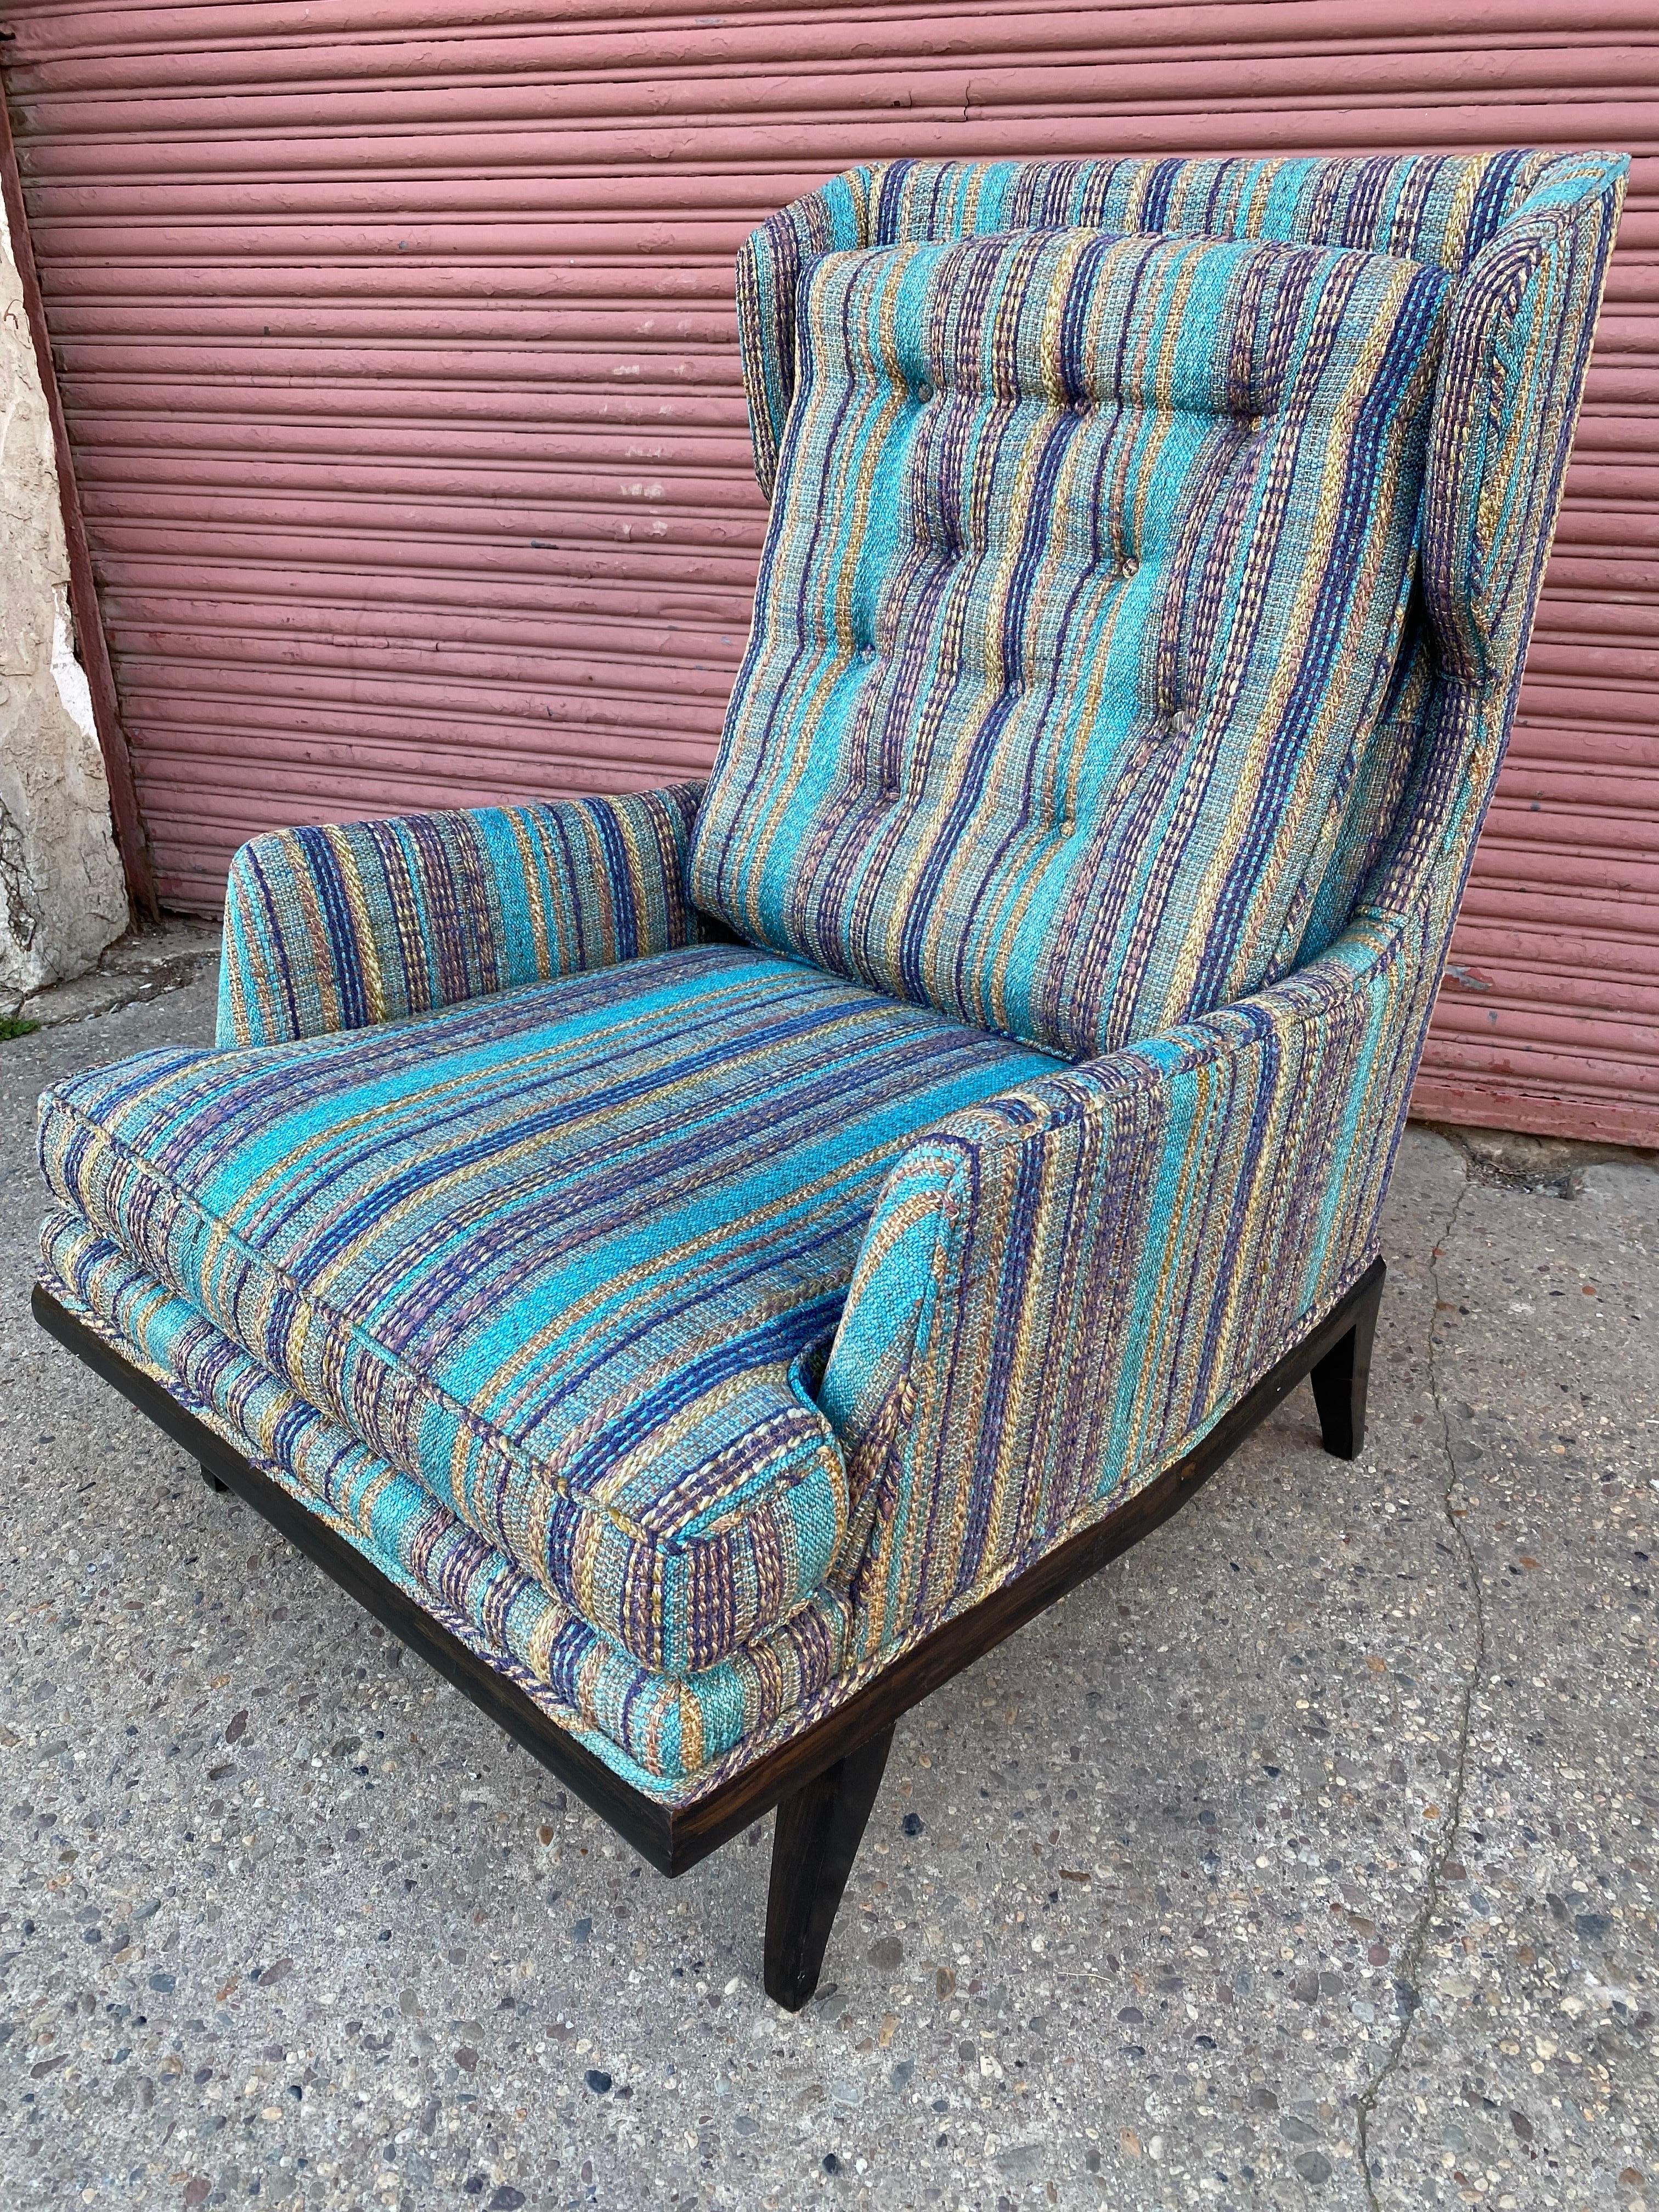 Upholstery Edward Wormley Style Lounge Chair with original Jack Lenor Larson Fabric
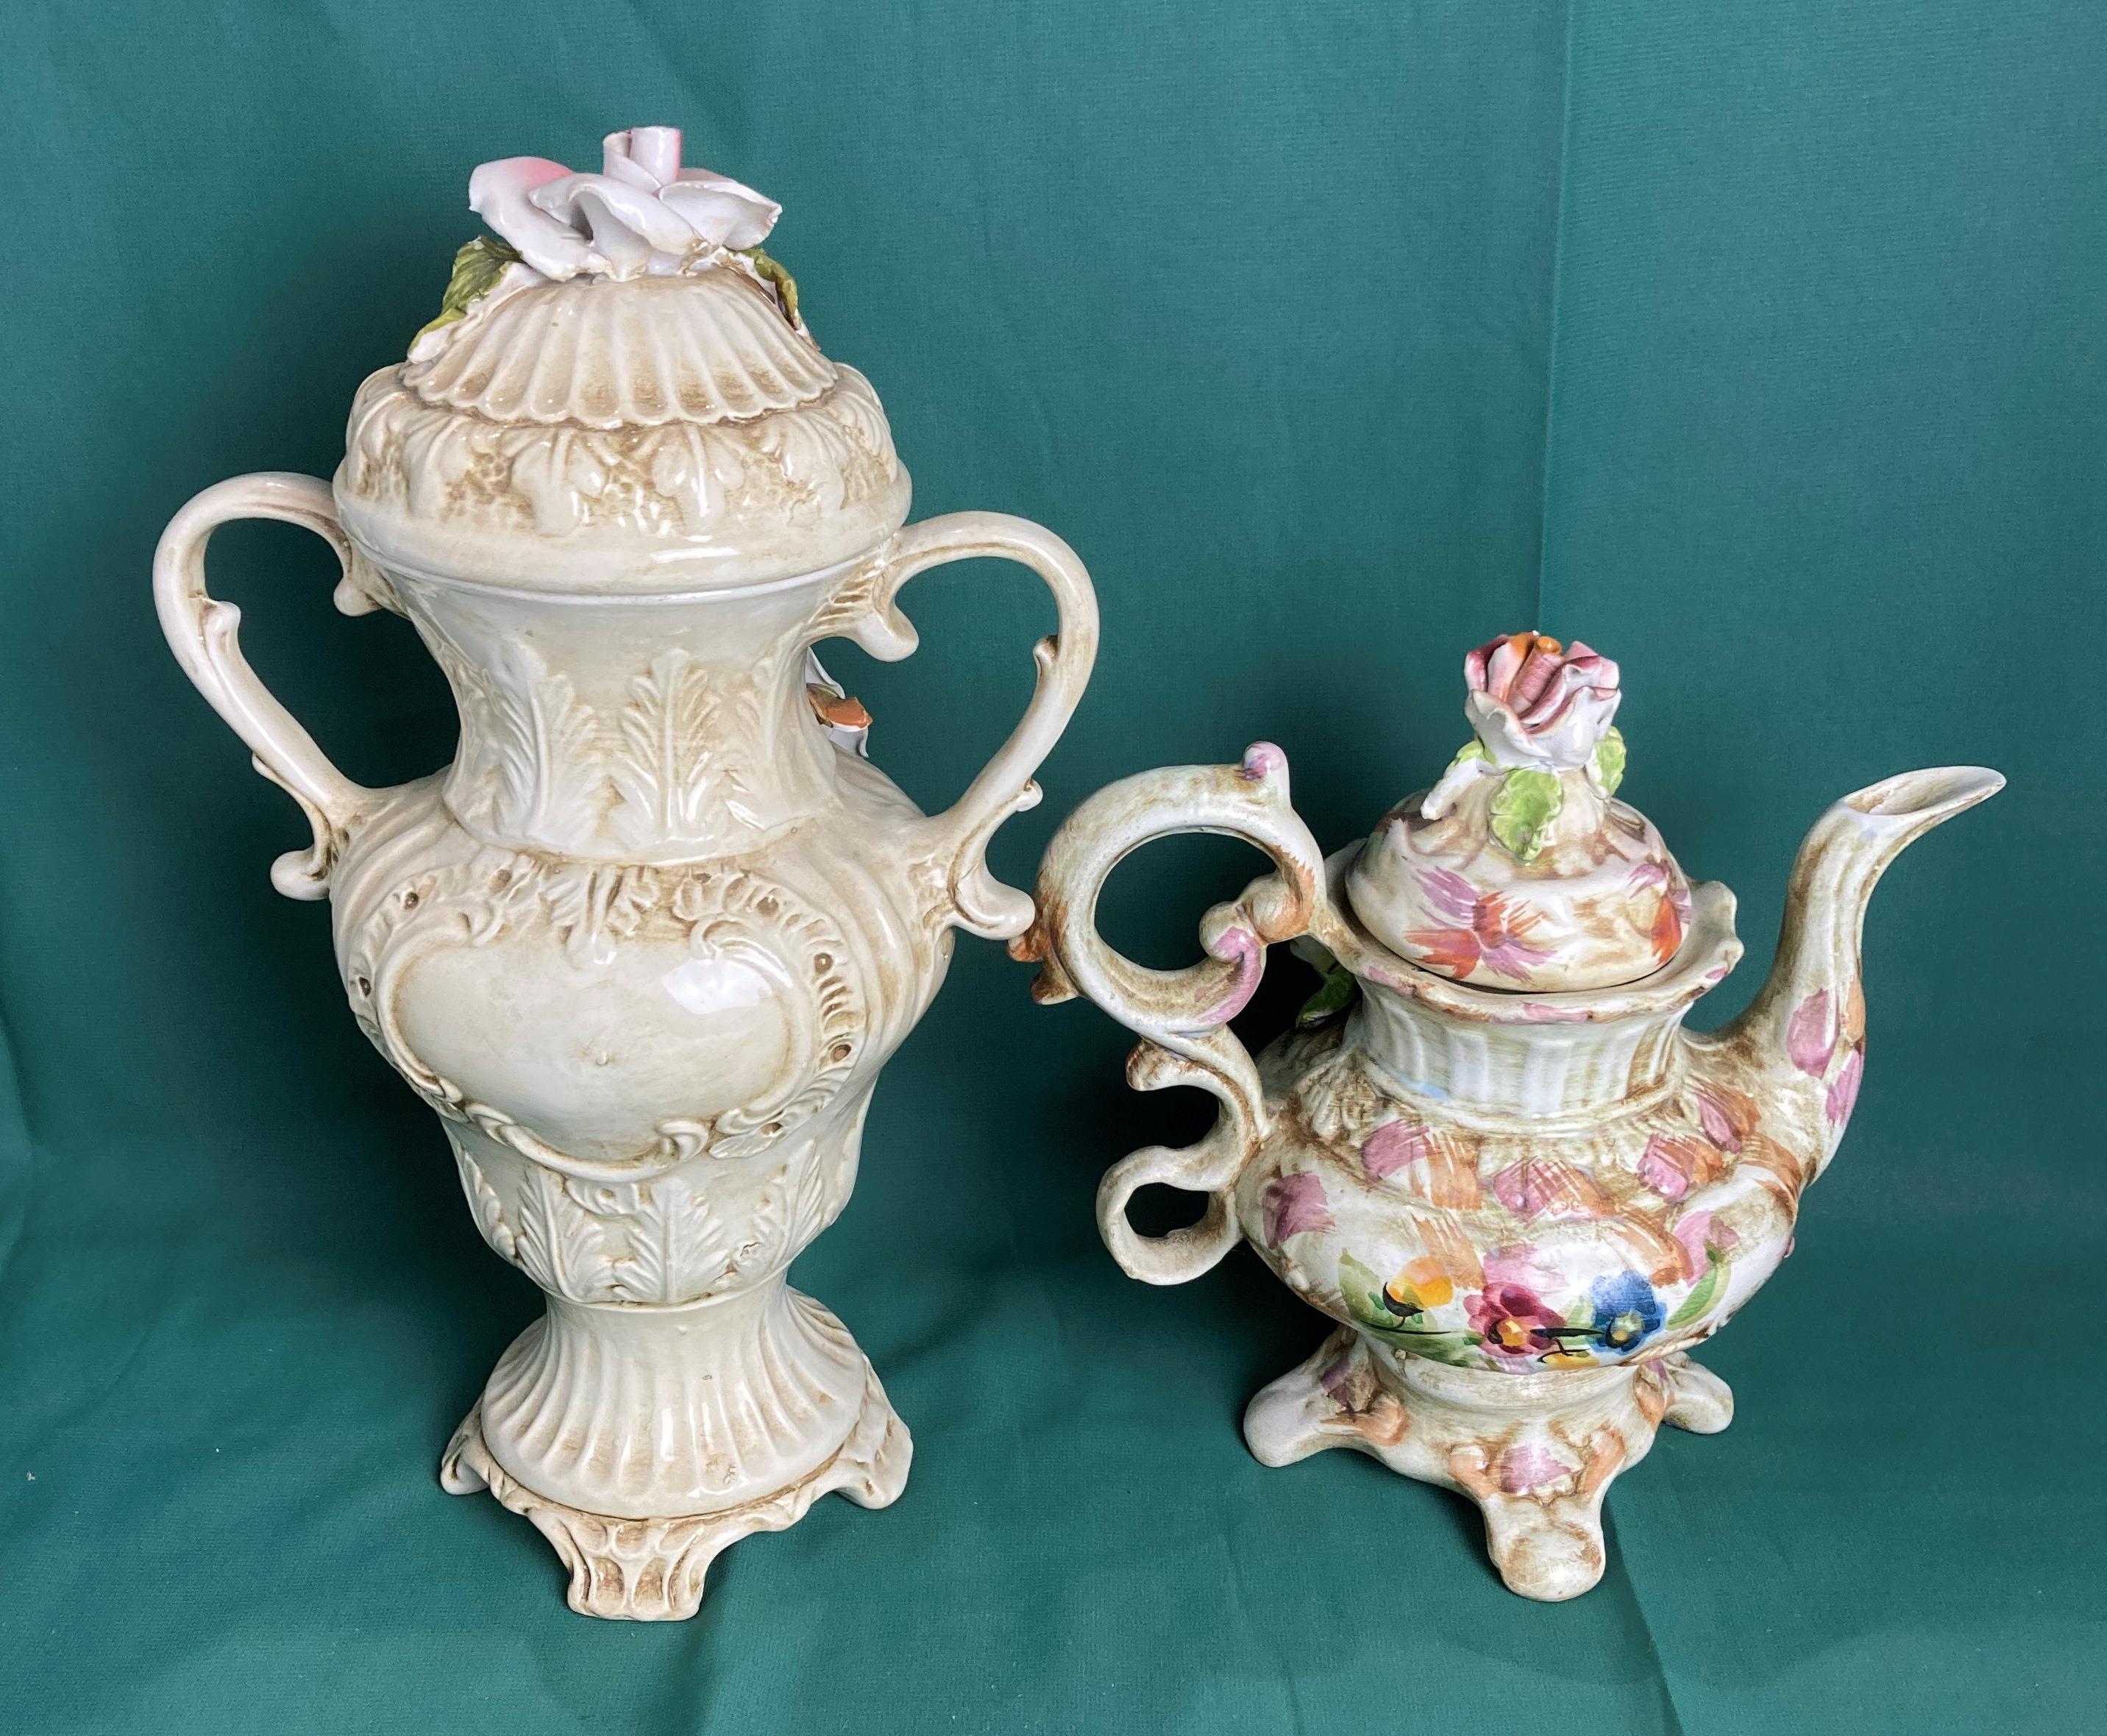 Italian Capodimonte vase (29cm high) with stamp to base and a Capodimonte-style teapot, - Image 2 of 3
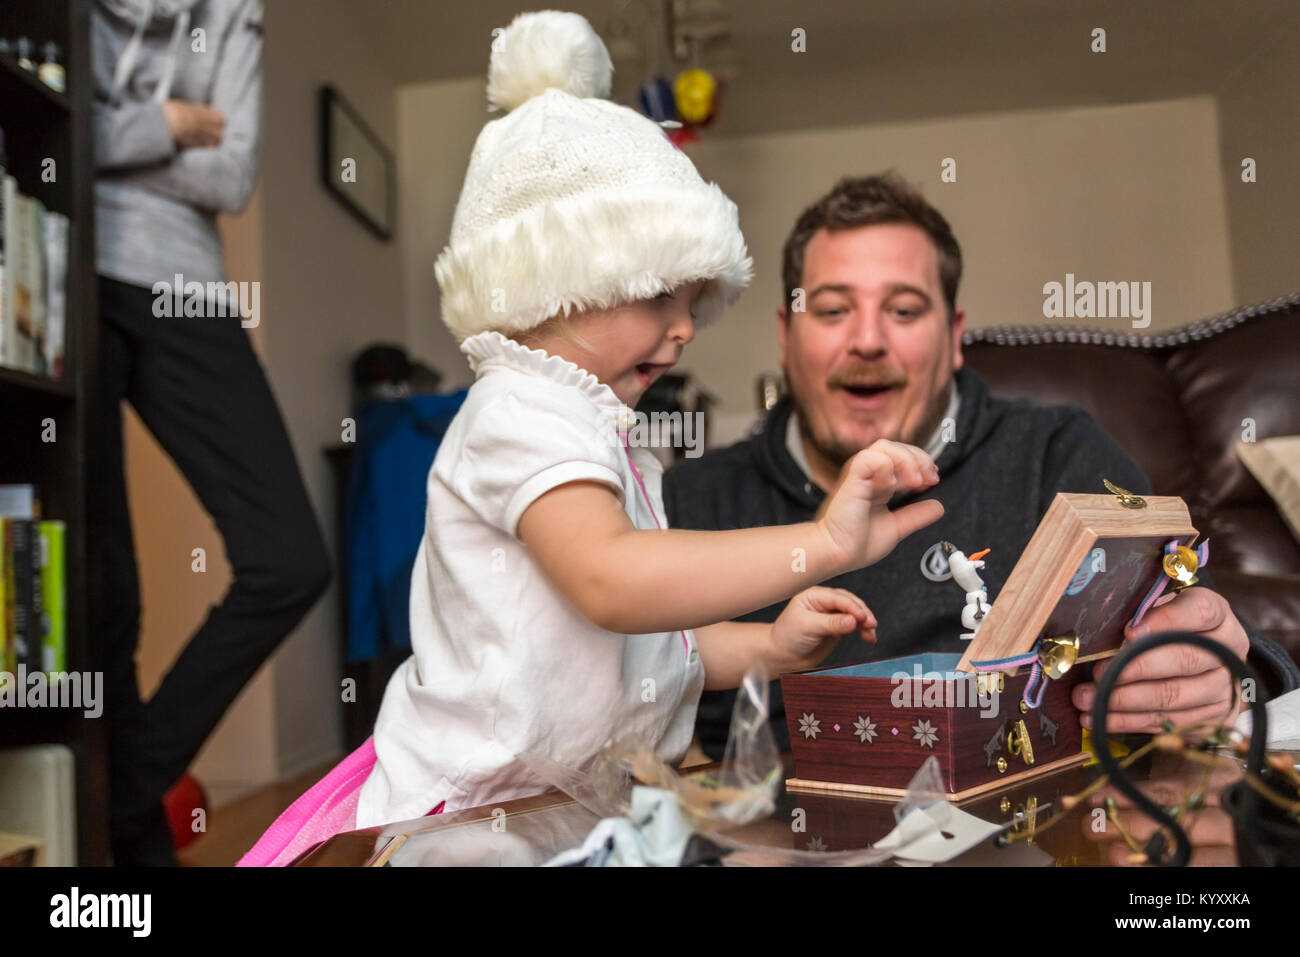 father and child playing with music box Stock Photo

§ **What the task requires**: All lines from the line with "Italian Capodimonte vase" through the final line of the listing are to be printed exactly, both ends included; the pictures are not.

§ **Final answer**:
 Italian Capodimonte vase (29cm high) with stamp to base and a Capodimonte-style teapot, - Image 2 of 3
 father and child playing with music box Stock Photo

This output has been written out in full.